Parallelism and test times.

Important notes

  • When using parallelism, it's important to take into account any resource limitations that exist in your build infrastructure. For more information, go to Best Practices for Looping Strategies.
  • You can apply a parallelism strategy to an entire stage or to individual steps within a stage.
  • When implementing parallelism in a step rather than a stage, you must ensure that each test-group step generates a report with a unique filename to prevent conflicts. You can accomplish this by utilizing the <+strategy.iteration> expression in your reports.paths. This expression represents the test group's parallel run index, ranging from 0 to parallelism - 1.
  • To publish your test results, your output files must be in JUnit XML format. How you publish your test results depends on the specific language, test runner, and formatter used in your repo. For more information, go to the Publish test reports section.
  • If your stage utilizes Harness Cloud build infrastructure, you can directly call the split_tests binary from the Run step's command. For example, you would use split_tests instead of /addon/bin/split_tests.

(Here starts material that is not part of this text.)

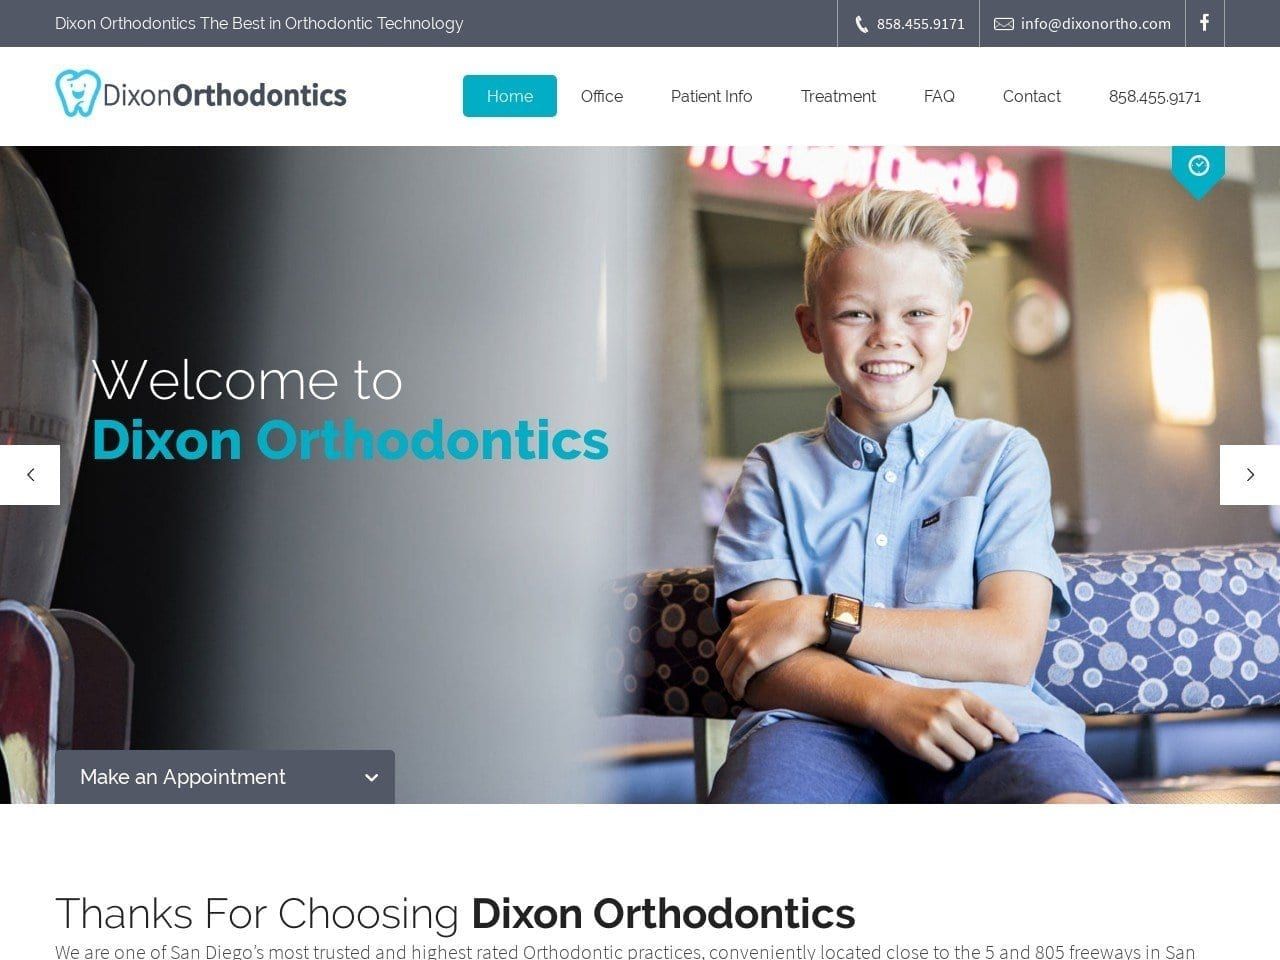 Dixon Orthodontics Website Screenshot from dixonortho.com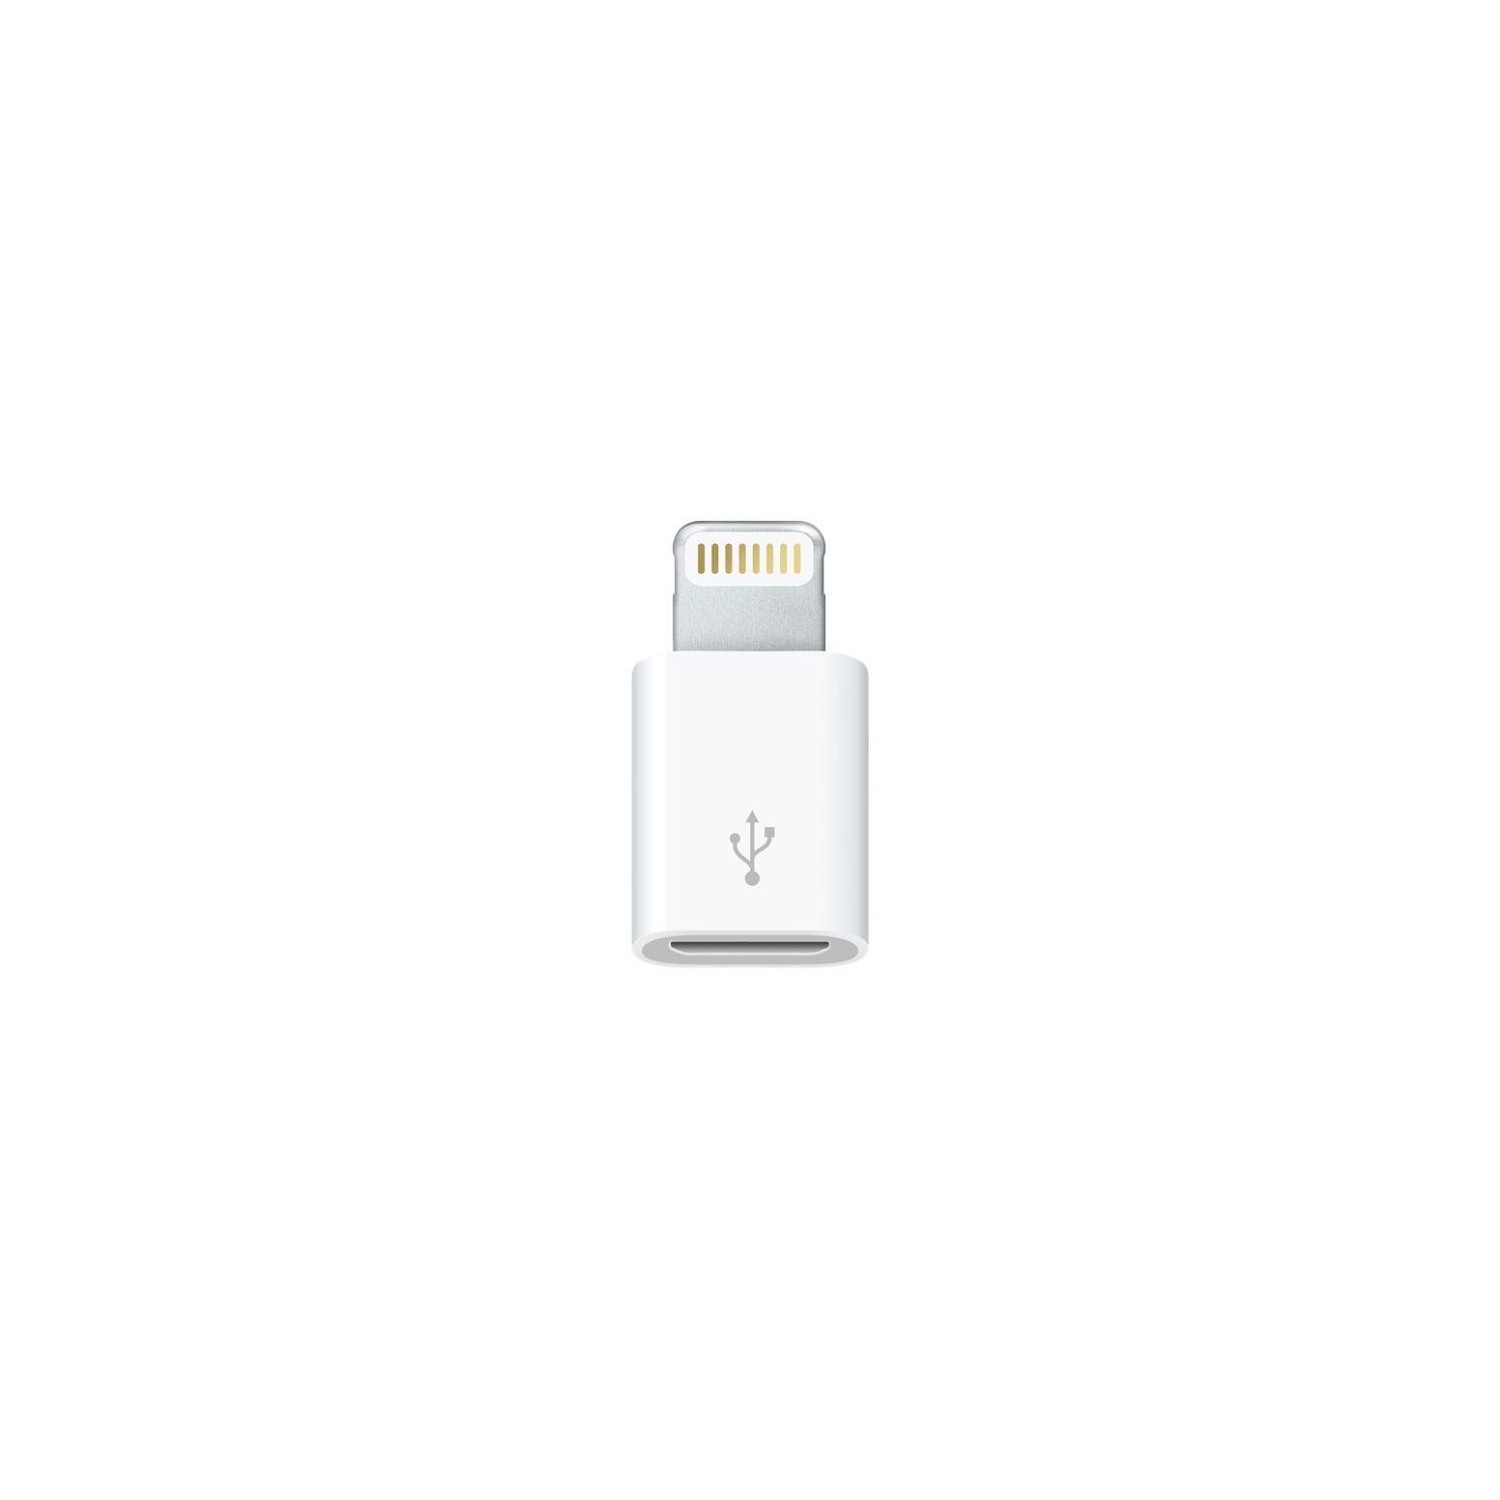 Cable original de conector Lightning a USB (1 m) MD818ZMA para Iphone5/6/6s nuevo

Example: YAML stage with parallelism

Parallelism can be set at either the step level or stage level.

The following YAML example shows a Run step that uses pytest and splits tests into four parallel test groups.

# Use "run" step type  
- step:
type: Run
name: Run Pytests
identifier: Run_Pytests
# Enable parallelism strategy
strategy:
parallelism: 4 # Number of parallel runs
maxConcurrency: 2 # (optional) Limit the number of parallel runs
spec:
connectorRef: $dockerhub_connector
image: python:latest
shell: Sh
# Store the current index and total runs in environment variables
envVariables:
HARNESS_NODE_INDEX: <+strategy.iteration> # index of current run
HARNESS_NODE_TOTAL: <+strategy.iterations> # total runs
command: |-
pip install -r requirements.txt
# Define splitting strategy and generate a list of test groups
FILES=`/addon/bin/split_tests --glob "**/test_*.py" \
--split-by file_timing \
--split-index ${HARNESS_NODE_INDEX} \
--split-total ${HARNESS_NODE_TOTAL}`
echo $FILES
# Run tests with the test-groups string as input
pytest -v --junitxml="result_<+strategy.iteration>.xml" $FILES
# Publish JUnit test reports to Harness
reports:
type: JUnit
spec:
paths: # Generate unique report for each iteration
- "**/result_<+strategy.iteration>.xml"
failureStrategies: []

Set up parallelism in a pipeline

info

The following information applies to test splitting in a Run step. For information about test splitting with Test Intelligence (in a Run Tests step), go to Enable Test Intelligence.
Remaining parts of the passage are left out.